##### EXERCISE DATA #####

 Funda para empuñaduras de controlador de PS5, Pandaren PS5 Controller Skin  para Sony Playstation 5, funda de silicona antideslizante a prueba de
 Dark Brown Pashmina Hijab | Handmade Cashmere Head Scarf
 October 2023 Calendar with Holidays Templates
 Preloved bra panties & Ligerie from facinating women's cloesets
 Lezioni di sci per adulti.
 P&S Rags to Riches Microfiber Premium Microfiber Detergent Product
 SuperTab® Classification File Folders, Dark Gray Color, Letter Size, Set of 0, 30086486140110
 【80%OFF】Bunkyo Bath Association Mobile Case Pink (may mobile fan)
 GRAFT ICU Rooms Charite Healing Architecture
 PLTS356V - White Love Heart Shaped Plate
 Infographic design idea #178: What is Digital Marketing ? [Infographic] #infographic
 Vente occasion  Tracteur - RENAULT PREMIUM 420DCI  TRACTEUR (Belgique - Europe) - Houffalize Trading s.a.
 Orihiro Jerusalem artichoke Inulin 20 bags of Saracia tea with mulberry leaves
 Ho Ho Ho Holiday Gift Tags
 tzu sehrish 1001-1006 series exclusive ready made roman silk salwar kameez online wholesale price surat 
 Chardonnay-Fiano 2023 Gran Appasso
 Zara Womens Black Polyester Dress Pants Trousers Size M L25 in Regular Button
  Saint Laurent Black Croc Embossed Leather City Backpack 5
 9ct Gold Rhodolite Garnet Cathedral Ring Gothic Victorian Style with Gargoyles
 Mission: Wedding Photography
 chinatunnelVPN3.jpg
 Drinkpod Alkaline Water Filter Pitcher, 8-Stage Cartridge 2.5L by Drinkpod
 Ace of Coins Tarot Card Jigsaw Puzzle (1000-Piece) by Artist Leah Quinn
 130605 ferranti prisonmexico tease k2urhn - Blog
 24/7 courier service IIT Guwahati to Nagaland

#####

- **TASK BRIEF**: Your answer must be the lines above from the one containing "(may mobile fan)" to the one containing "Chardonnay-Fiano 2023 Gran Appasso", both included, restated word for word.

- **EXPECTED ANSWER**:
 【80%OFF】Bunkyo Bath Association Mobile Case Pink (may mobile fan)
 GRAFT ICU Rooms Charite Healing Architecture
 PLTS356V - White Love Heart Shaped Plate
 Infographic design idea #178: What is Digital Marketing ? [Infographic] #infographic
 Vente occasion  Tracteur - RENAULT PREMIUM 420DCI  TRACTEUR (Belgique - Europe) - Houffalize Trading s.a.
 Orihiro Jerusalem artichoke Inulin 20 bags of Saracia tea with mulberry leaves
 Ho Ho Ho Holiday Gift Tags
 tzu sehrish 1001-1006 series exclusive ready made roman silk salwar kameez online wholesale price surat 
 Chardonnay-Fiano 2023 Gran Appasso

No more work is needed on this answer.